Yediden yetmişe (ne de olsa masallar “karşısında bütün nesillerin boynu kıldan incedir!”[3]) Sovyet okurunun Türk masallarını sevmesini çok istiyorum. O masallarda onun ruhuna yakın çok şey var. Bunları okuduktan sonra çift boyunduruk, milli zalimler ve yabancı emperyalistler, altında ızdırap çeken, iyi ve talihsiz Türk halkını sevecektir.
Türk masalları kitabının harika bir tat ile resimlendirildiği konusunda sessiz kalamayacağım.
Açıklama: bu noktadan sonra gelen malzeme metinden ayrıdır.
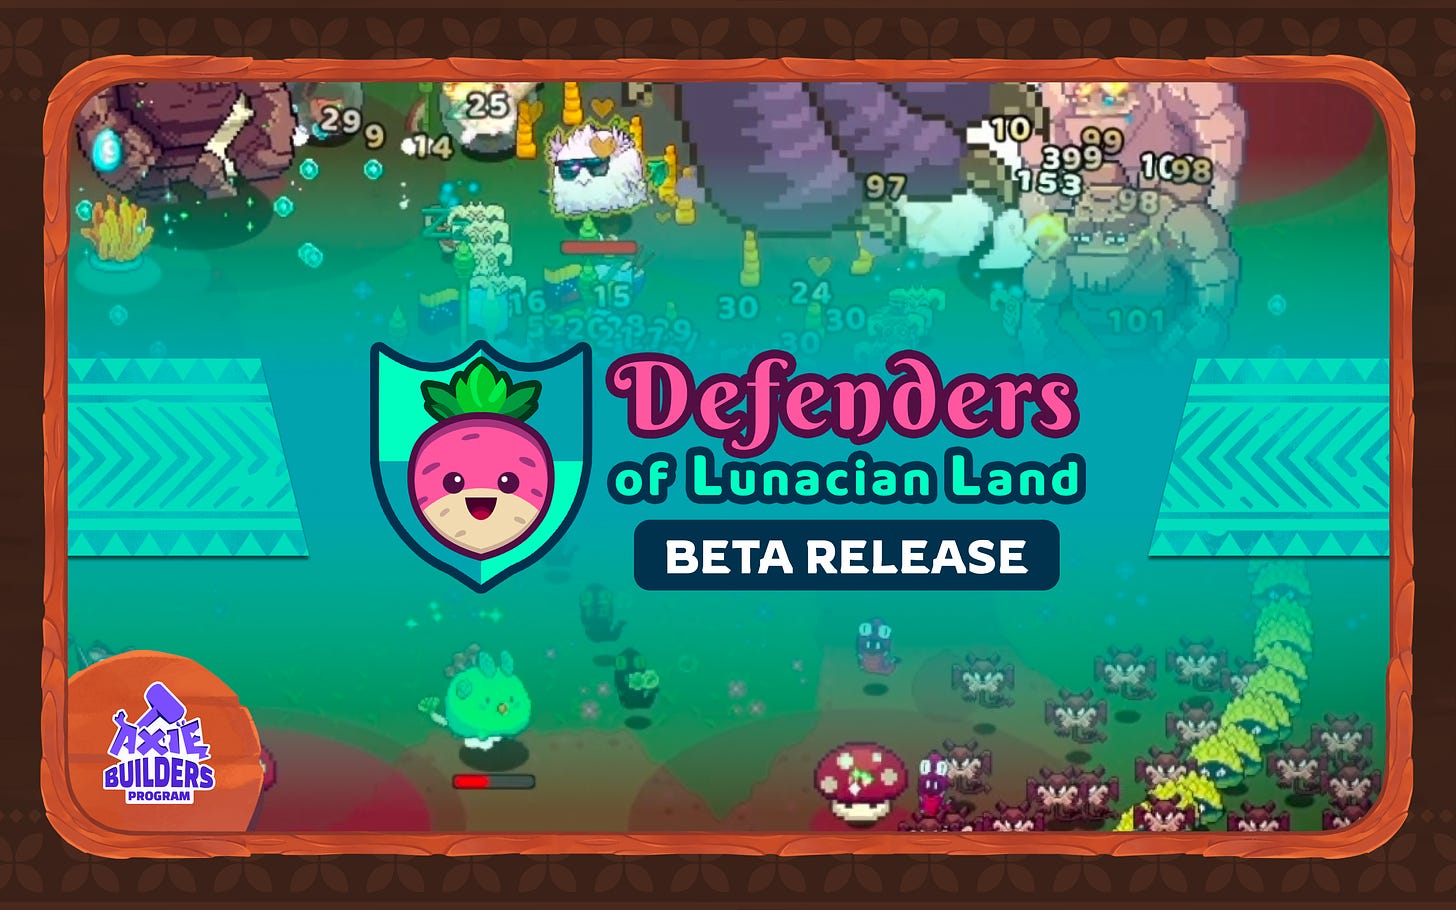 Axie Infinity  Season 19 Update: End Date & Arena Rewards - GameWith

Kitabın kapağındaki zarif ceylan, hem sadece bir ceylan hem de ceylandan daha fazla bir şey.
[1] Ogonyok, devrim öncesi, Sovyet dönemi ve sonrası çıkmayı sürdüren dergilerden biridir. Toplumsal-siyasal ve edebi-sanatsal konuları ele alan resimli haftalık derginin tirajı, 1974 yılında 2 milyonu, 1990’da 4,6 milyonu bulmuştur.
[2] Turetskie Narodnıe Skazki, Goslitizdat, Moskva, 1959. Kitapta “Padişahın Oğlu”, “İki Kardeş”, “Balıkçının Oğlu”, “Sihirli Gül”, “Çobanın Oğlu”, İskender Bey Masalı”, “Dilrukeş”, “Kız ve At”, “Dervişin Kızı”, “Söylemez Sultan”, “Kadının Kızı”, “Kurnaz Kadın” gibi masallar yer almaktadır.
[3] Nâzım Hikmet, burada A. S. Puşkin’in “Yevgeni Onegin” eserindeki “aşk karşısında bütün nesillerin boynu kıldan incedir” dizesine atıf yapmaktadır. Bu dize, P. İ. Çaykovskiy’in “Yevgeni Onegin” operasında da Gremin’in aryasına girmiştir.